Australia's advertising effectiveness study launched by the Communications Council

Paige Murphy
By Paige Murphy | 19 September 2019
 

The Communications Council has launched a study into advertising effectiveness in Australia, for the first time using a new database of confidential data submitted with entries to the Effie Awards. 

The report Australian Advertising Effectiveness Rules, co-authored by advertising effectiveness luminaries Rob Brittain and Peter Field, was unveiled at special Effies Work Behind The Work events in Melbourne and Sydney. 

The report marks the first time outside the UK that a report on advertising effectiveness has validated the conclusions of Field's research work with fellow effectiveness guru Les Binet.

The data covers 143 campaigns entered in the 2018 and 2019 Effie Awards.

The key findings:

  • Broad targeting remains the most effective approach in delivering larger impacts on brand profit growth;
  • Longer duration campaigns are more effective in driving business measures;
  • The impact of longer duration campaigns builds cumulatively over time, therefore longer campaign evaluation periods reveal stronger campaign effects;
  • And emotional campaigns are more effective at impacting long-term market share growth.

“This is the first of a series of paper developed with Peter using the new Australian Effies Database, deriving learnings from some of the most effective Australian marketing campaigns," Brittain says.

He says that with Australia in a low economic growth climate, marketing budgets are at greater risk of being cut to meet bottom line targets.

“This environment creates more pressure for marketers to prove the effectiveness of their investment and can lead to a shift in focus towards efficiency," Brittain says.

"However the answer lies in understanding effectiveness, and through this understanding, marketing investment works at its hardest, delivering the future revenue growth that businesses need."

Peter Field says the new report is “an important addition to the evidence base about how advertising works”.

“If I had to single out just one area of this research it would be the ground-breaking findings on how campaign effects evolve over time, and how this differs for short and long-term campaigns. We’ve never been able to look so precisely at this before,” Field says.

“Looking forward, as an industry, we need empirical evidence of what genuinely works, more than ever. We need to be able to challenge each plausible-sounding new theory of effectiveness that comes along, and to see if they hold water before we rush in with our dollars.”

The Communications Council CEO Tony Hale says the Effie database will become over time the most valued resource in Australia when examining what is really driving marketing and advertising effectiveness.

“It is with great pride that we can now publish our very first edition of Australian Advertising Effectiveness Rules," he says. 

In addition to research findings and recommendations, the report also includes two case histories drawn from the recent winners of the 2019 Australian Effie Awards, announced on 5 September.

Grand Effie 2019 winner Carlton & United Breweries (CUB) provides a case study into how taking the long-term approach led to Great Northern becoming Australia’s most popular beer, while Gold Effie winner NRMA Insurance’s Help case study showcases the power of emotional brand building.
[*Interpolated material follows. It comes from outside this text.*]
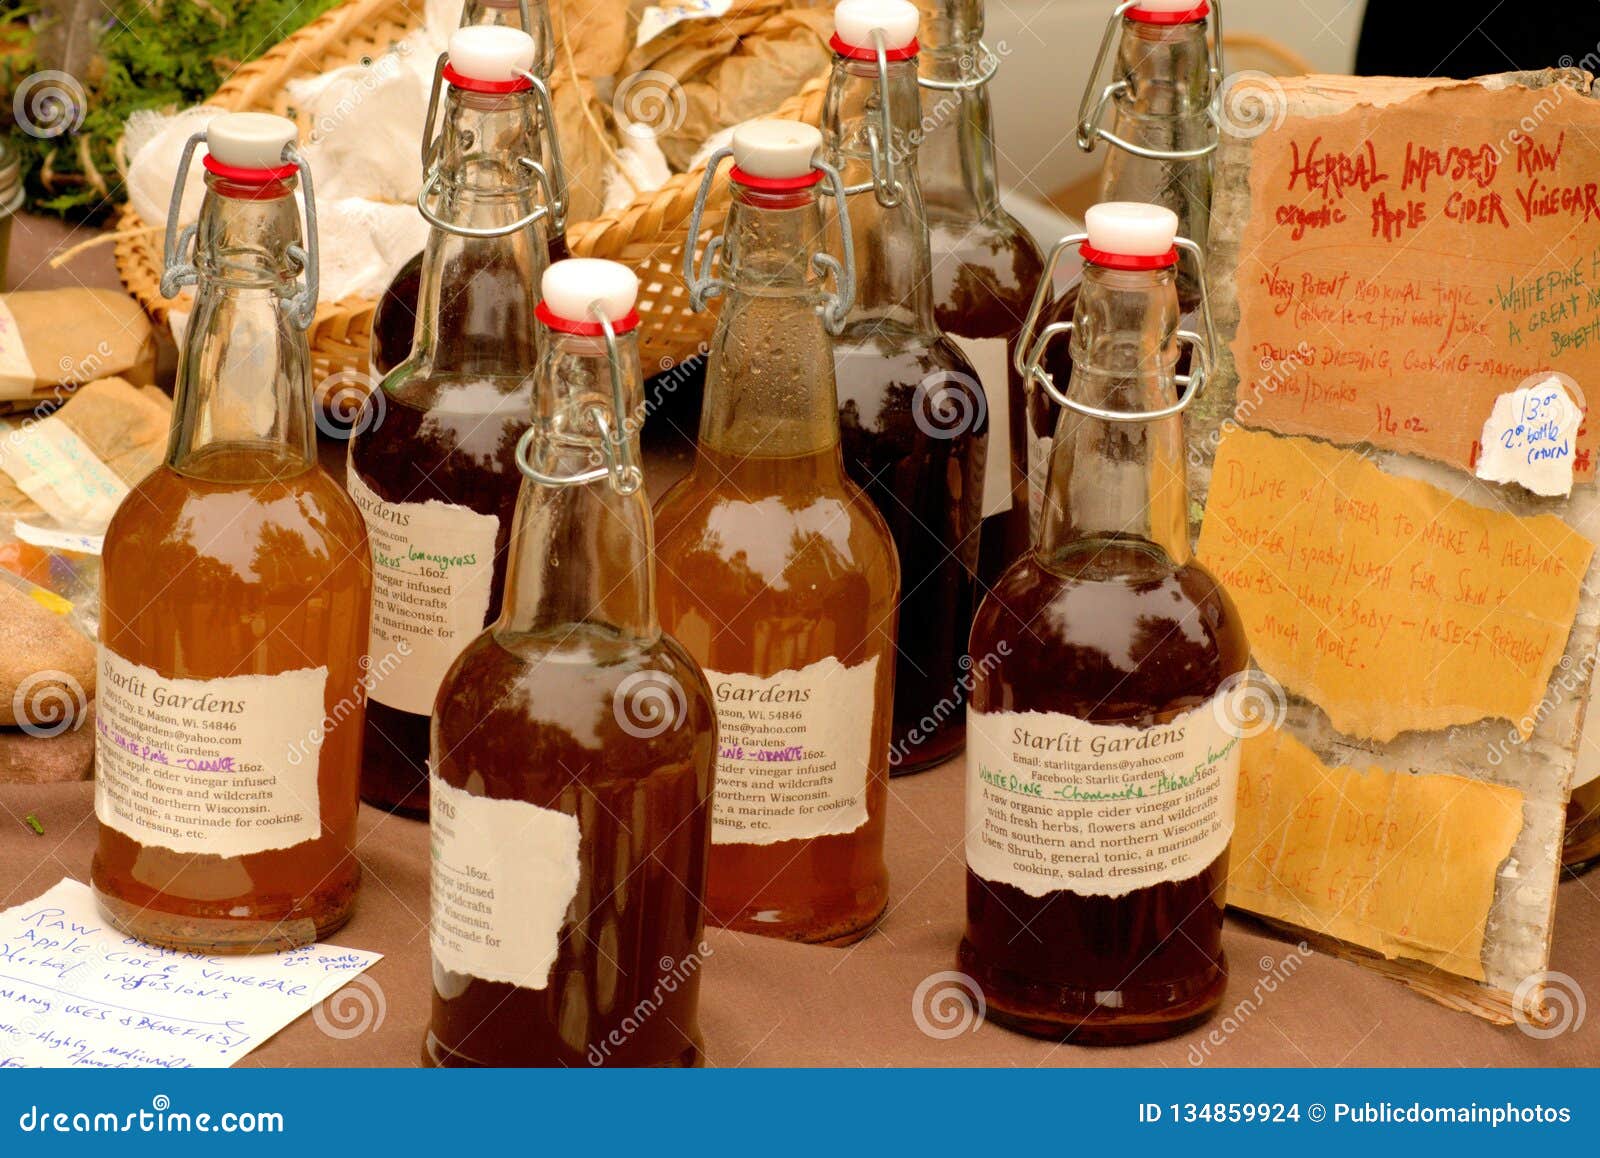 Liqueur, Distilled Beverage, Bottle, Drink Picture. Image: 134859924

In addition to the unveiling of the Australian Advertising Effectiveness Rules report, attendees at the “Effies Work Behind The Work” events in Melbourne and Sydney were treated to insightful ‘behind-the-scenes’ presentations of 2019 Effie award-winning campaigns from Clemenger BBDO Melbourne and CUB, AJF GrowthOps and Officeworks, The Monkeys and NRMA and 2019 Effective Agency of the Year BMF and ALDI.